Chapter Eight: Flight of the Fat Lady. I used to think that JKR meant something when she used surnames vs given names vs full names in the text. Now I am not so sure. How many characters named Pansy or George are flitting about the books? Why would she feel she needs to name their full name, then? And with George it's not constant. It's like duck, duck, goose, the way JKR names him in the text, but instead it's George, George, George Weasley.
Later in the same chapter: Harry and Lupin have their first one on one moment, and I love it. I don't love the Marauders, and I don't always respect Lupin in the later books, but in this book I love him. Perhaps not least because he seems to be the only Gryffindor (besides, perhaps, McGonagall) who respects Snape and doesn't show anti-Slytherin bias.
Chapter Nine: Grim Defeat. Okay, I should probably admit here that if I weren't participating in this readalong I'd probably be less critical. But then I run across something like this, where the students are debating how Sirius Black broke into Hogwarts and I just laugh: "'Maybe he knows how to Apparate,' said a Ravenclaw." I can easily forgive a student, even a Ravenclaw, for not reading Howarts: A History
and therefore not knowing that you cannot Apparate into Hogwarts. No, my criticism lies elsewhere for that comment. One of the brightest students at Hogwarts suggests that being able to apparate is something special, as if nearly everybody over the age of 17 couldn't do it. It would be like a muggle student saying, "maybe he knows how to drive"

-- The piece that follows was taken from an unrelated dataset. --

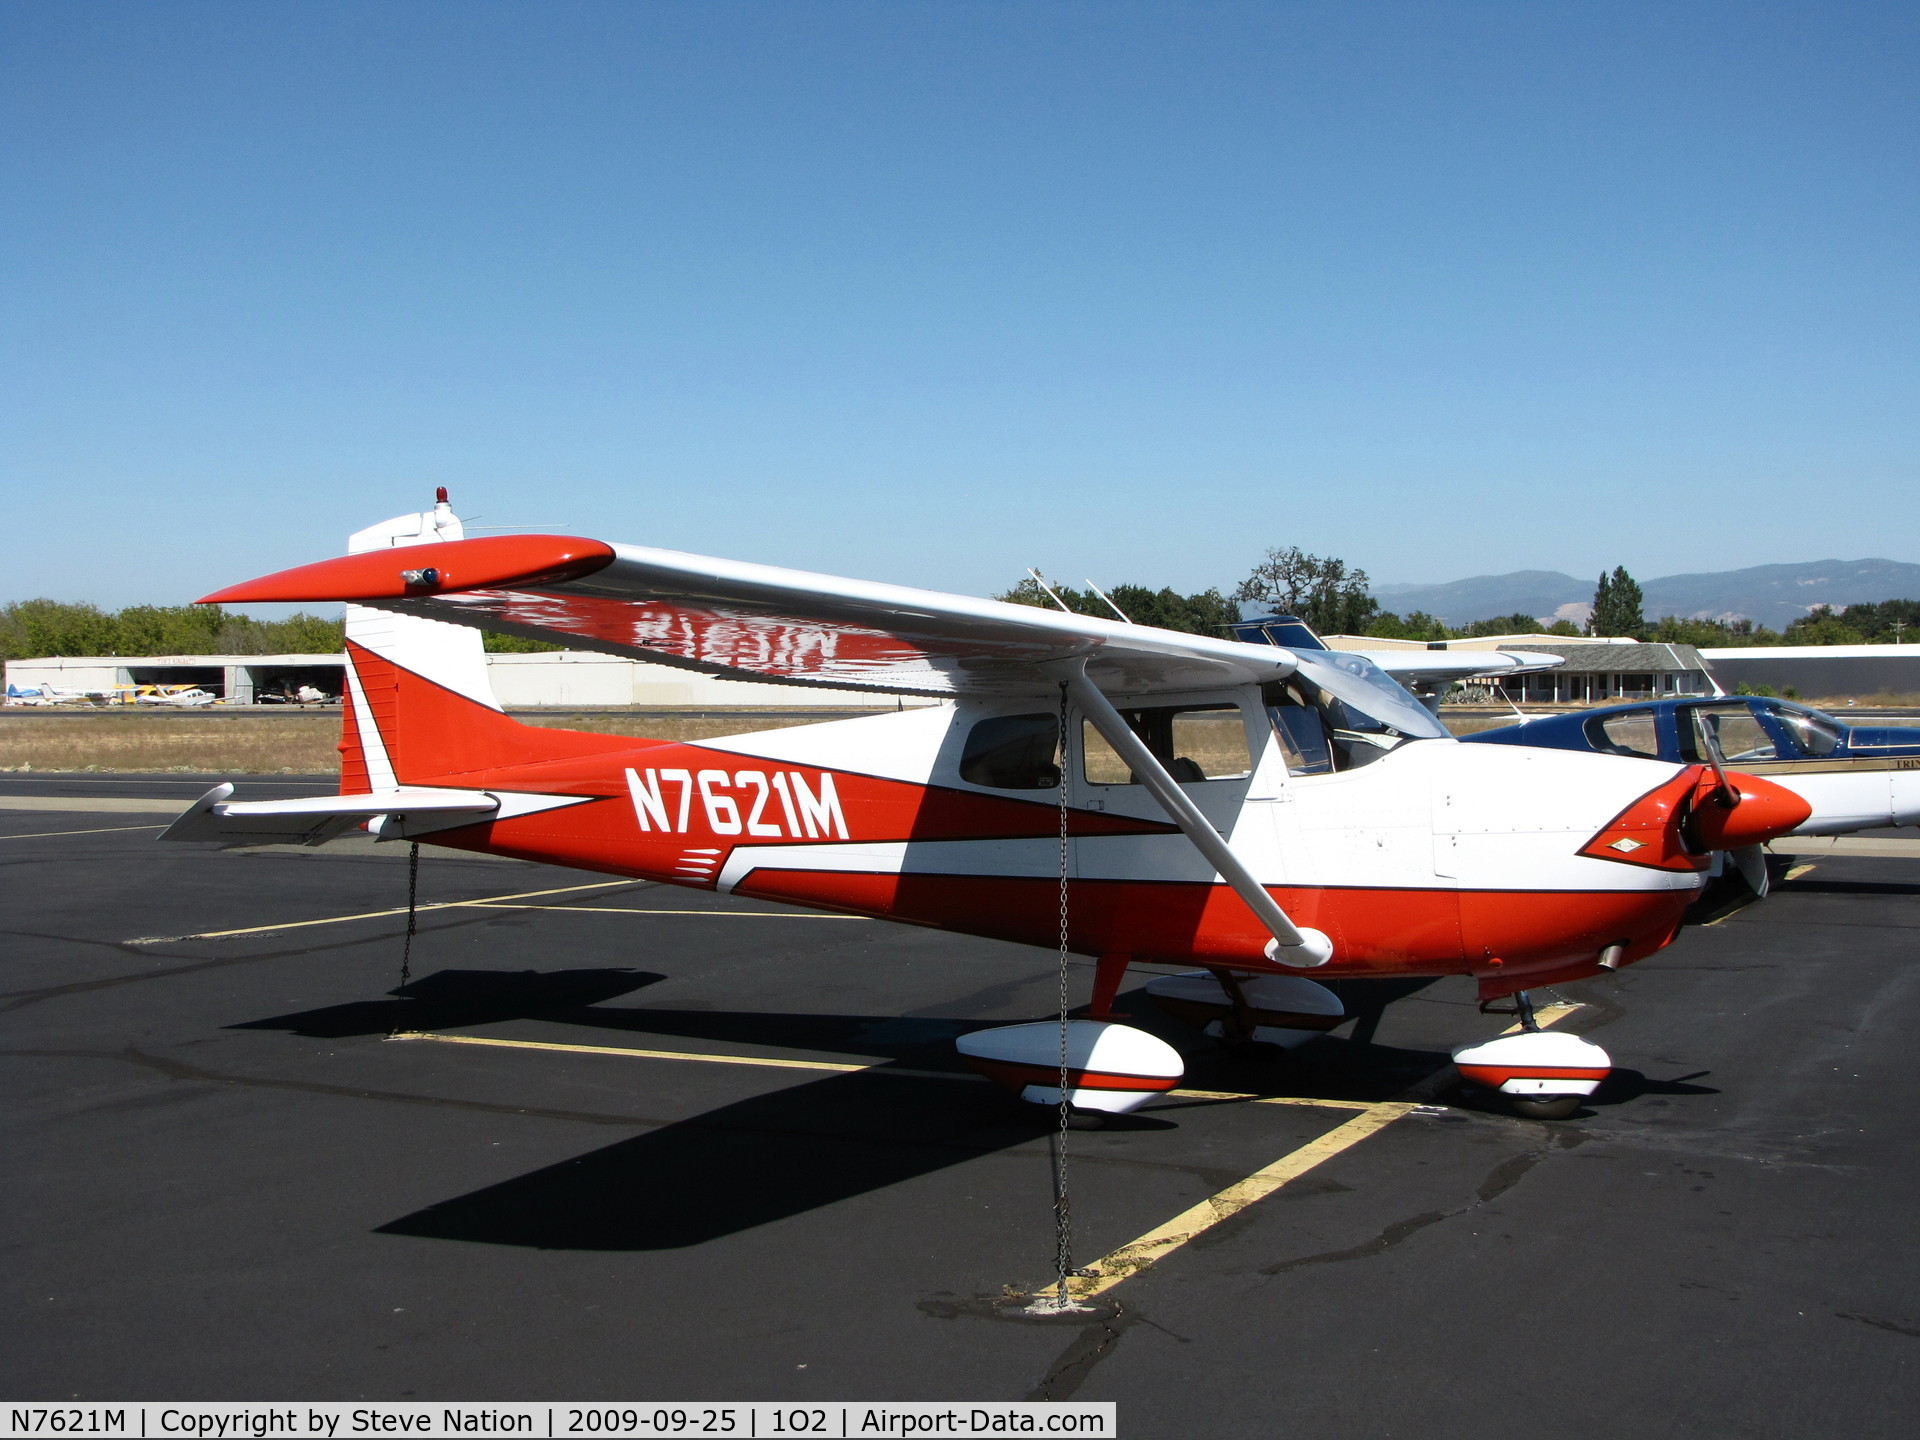 N7621M, 1959 Cessna 175 Skylark C/N 55921, A most beautifully painted straight-tail 1959 Cessna 175

when it's the opposite that should be noteworthy.
Chapter Ten: The Marauders' Map. That is one nifty piece of magic, I have to say, and quite clever of those four boys to create it. And not significantly less clever for Fred & George to figure out how to work that map, though I don't believe for a moment that the twins would have given it to Harry for keeps.
Further exasperation: I get that Harry needs his info-dump to learn about Sirius Black, but if, in Fudge's own words, that "not many people are aware" of what he's about to say, why is he gossiping about it in a crowded bar, to a bartender, and why doesn't McGonagall know the whole story when Draco Malfoy does? I would have much preferred for Dumbledore to have taken Harry aside and shared this information with him than to put it out there in that way.

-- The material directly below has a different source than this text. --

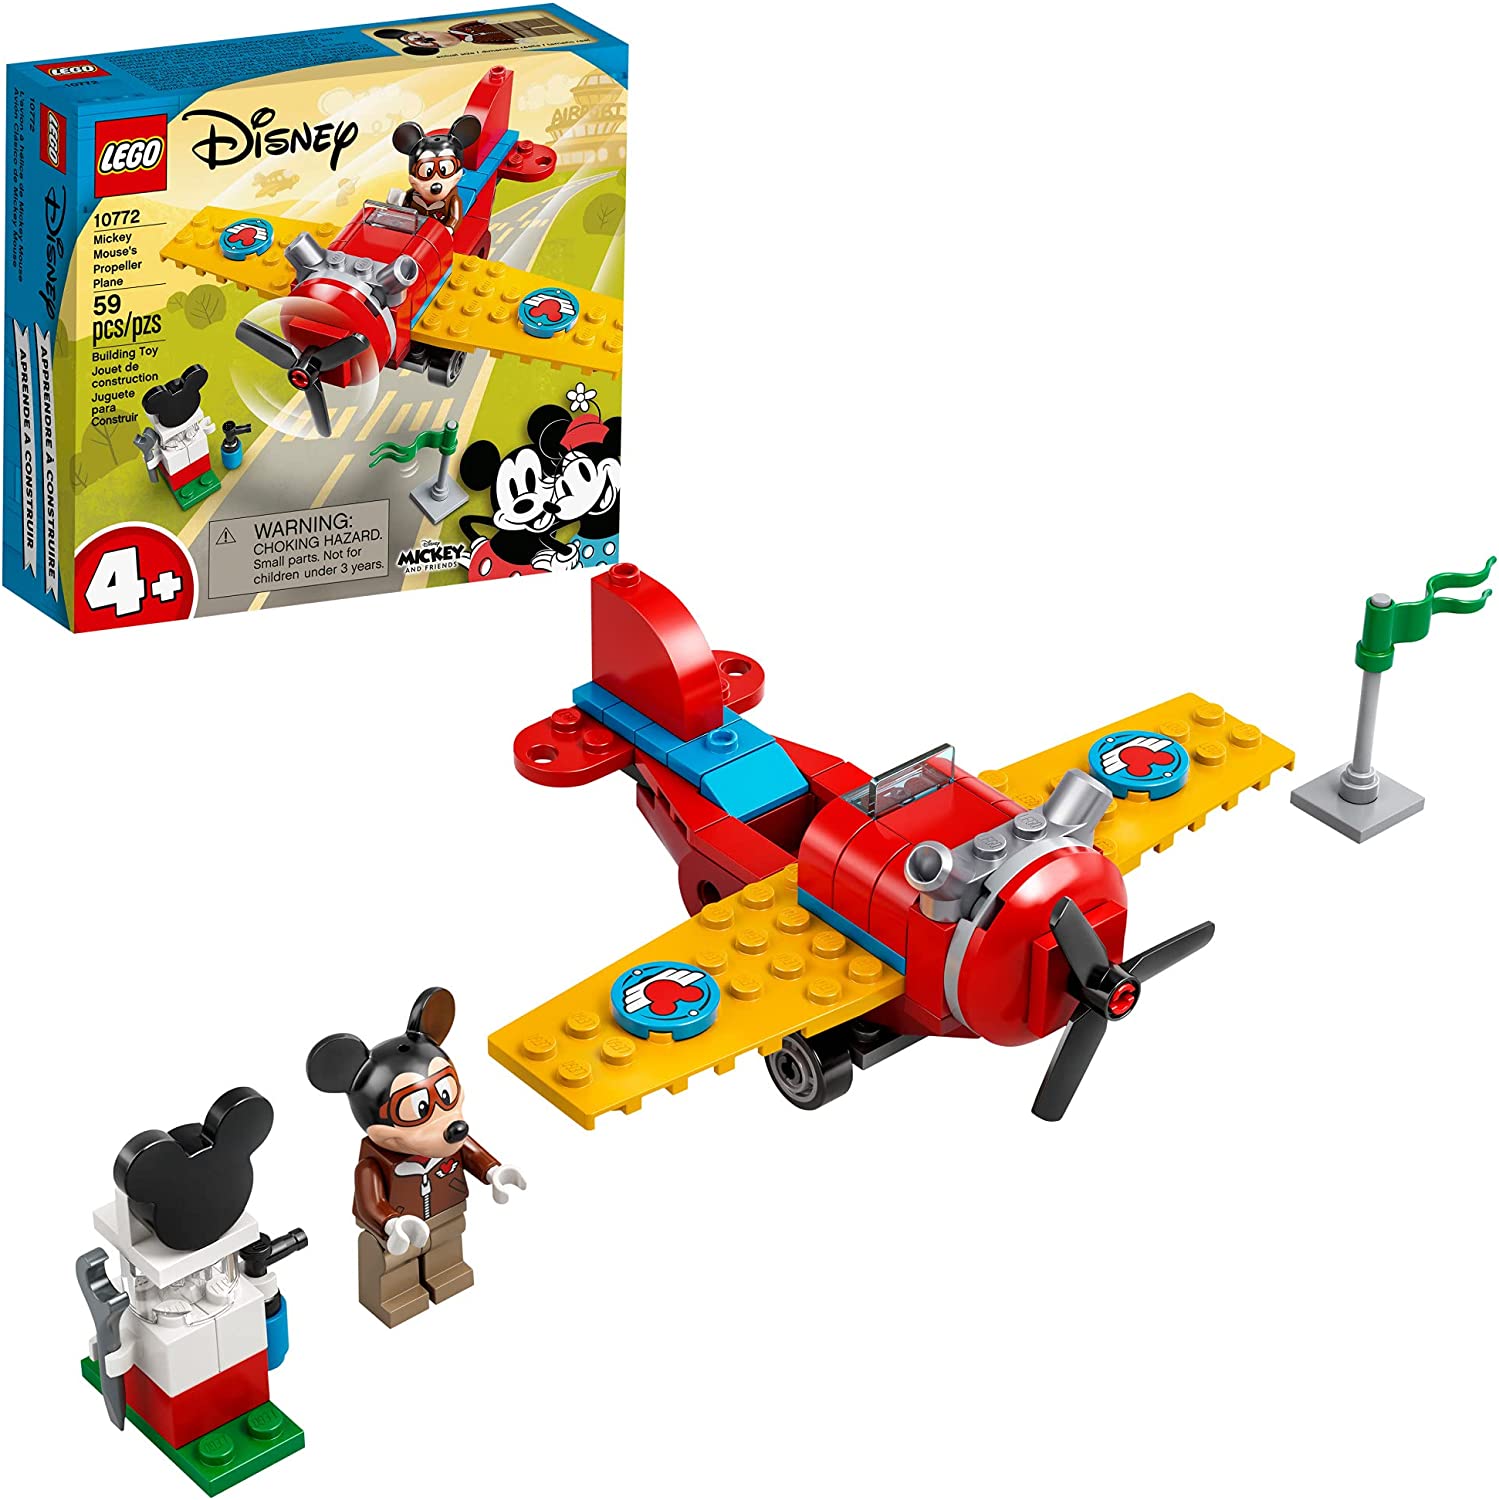 59-Pc LEGO Disney Mickey Mouse's Propeller Plane Building Playset $7 + FS w/ Amazon Prime or FS on $25+

Argh, must finish soon. I only had read through chapter 8 by the time I woke up this morning. I'm reading & blogging, blogging & reading.
What else? Trelawney: I don't love her, but I also don't think it's very much in character for Hermione to mouth off to her. And as for McGonagall, I'm not sure that I believe she would lose her professional veneer enough to insult a fellow professor.